Se recuperó deprisa.
– ¿Dirección? ¿Educación? ¿Pasado? ¿Aficiones? ¿Mato a adolescentes en mi tiempo libre?
– Comience por el lugar que ocupa en la jerarquía de este sitio.
– No hay jerarquías.
– Ha dicho que había una división. Ulrike y orientación por un lado. Los demás por otro. ¿Cómo se ha llegado a eso?
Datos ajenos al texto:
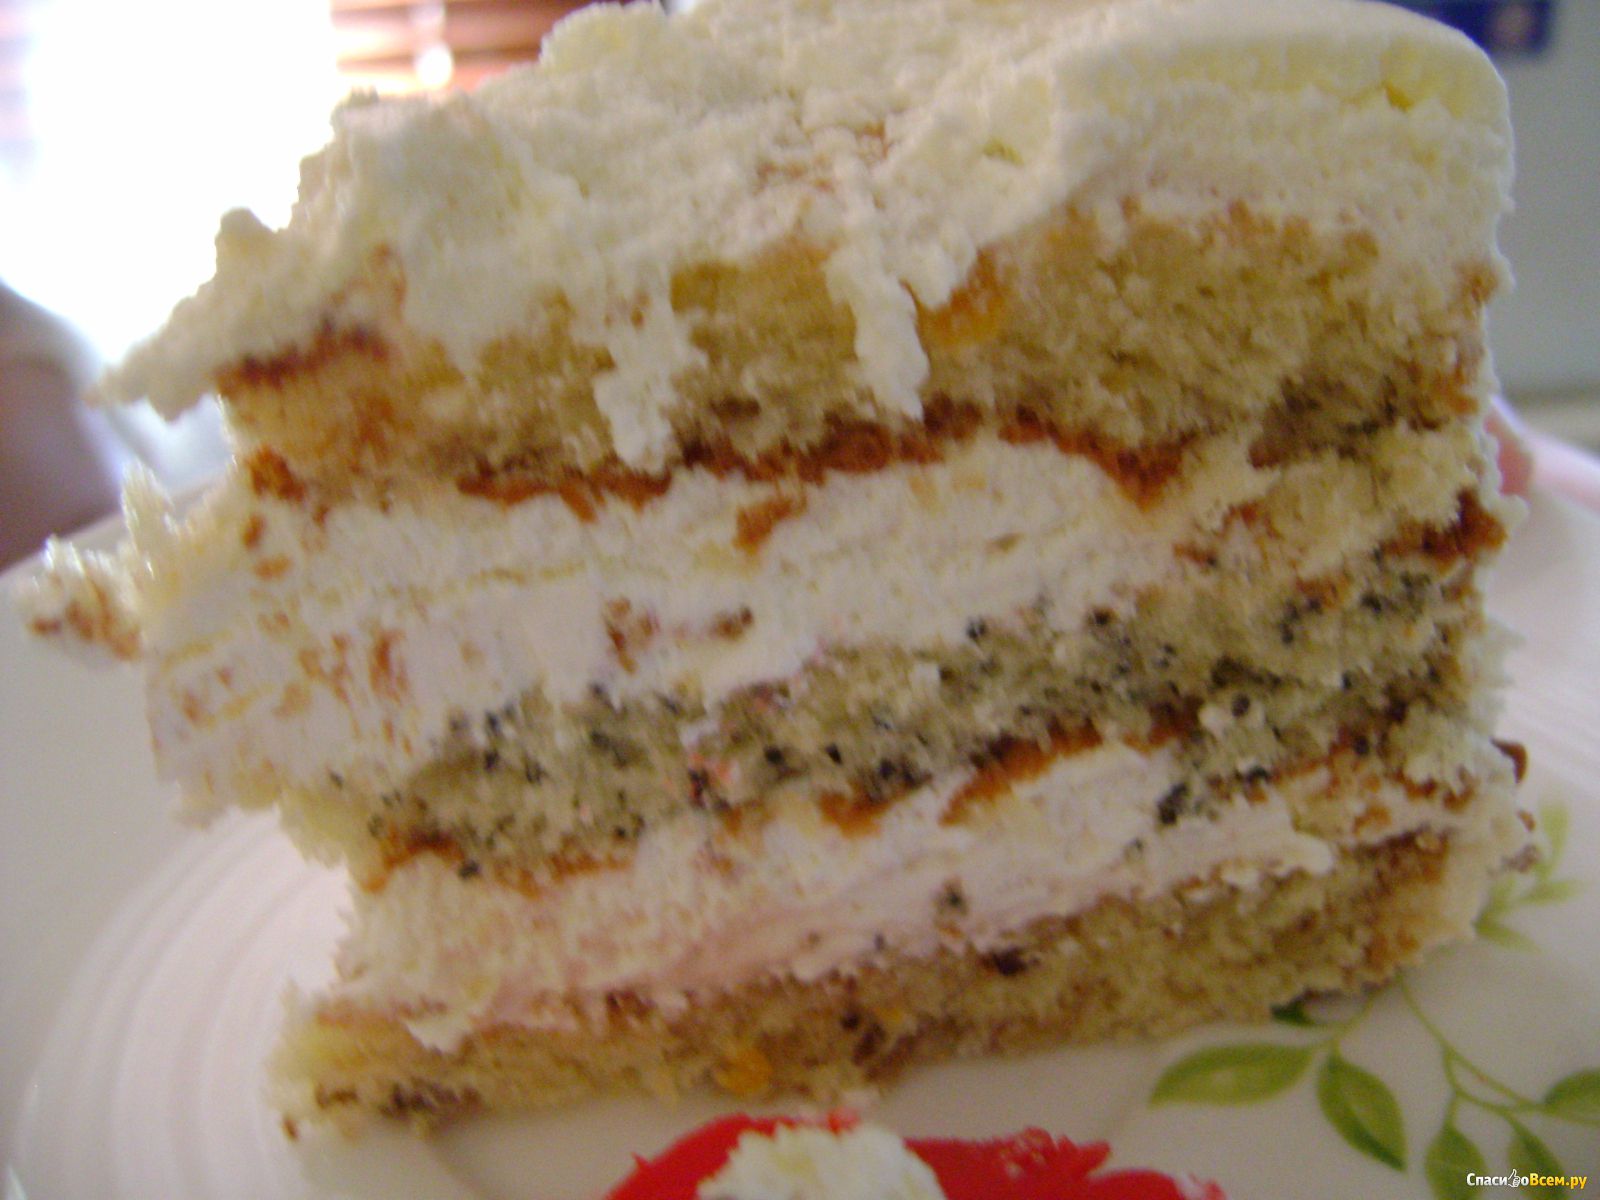 Торт смачный каприз. Торт белый каприз. Торт смачный каприз калорийность. Торты от любимая Шоколадница. Торт каприз купить
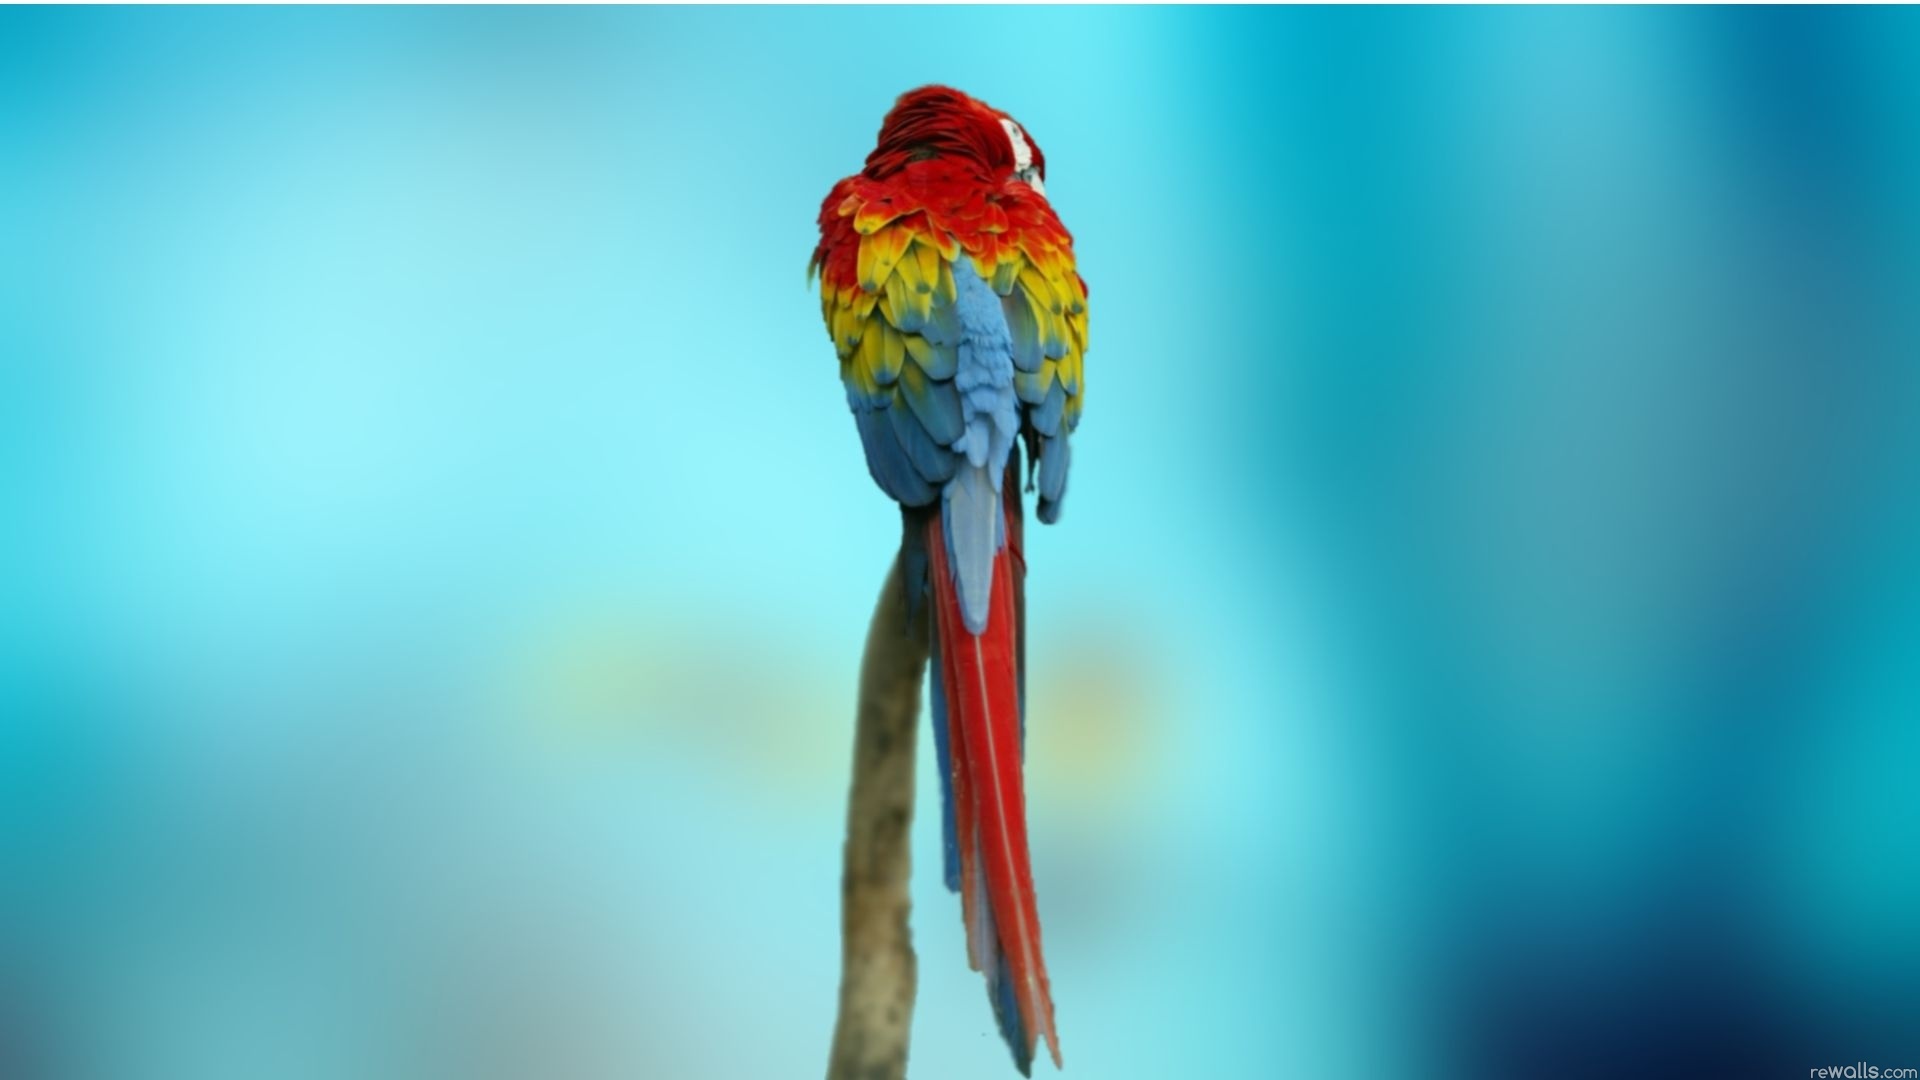 Desktop HD Love Birds Image 3d Colour Design

– Me ha entendido mal -dijo-. La división tiene que ver con la información y cómo se comparte. Eso es todo. Por lo demás, en Coloso estamos todos en el mismo barco. Se trata de salvar a estos crios. Eso es lo que hacemos.
Barbara asintió pensativa.
– Eso dígaselo a Kimmo Thorne. ¿Cuánto tiempo lleva trabajando aquí?
– Cuatro años -contestó.
– ¿Y antes?
– Soy profesor. Trabajaba en el norte de Londres. -Le dio el nombre de una escuela de primaria en Kilburn. Antes de que pudiera preguntárselo, le contó que había dejado el trabajo porque se dio cuenta de que prefería trabajar con chicos mayores. Añadió que también había tenido problemas con el director. Cuando Barbara le preguntó qué tipo de problemas, le dijo directamente que de disciplina.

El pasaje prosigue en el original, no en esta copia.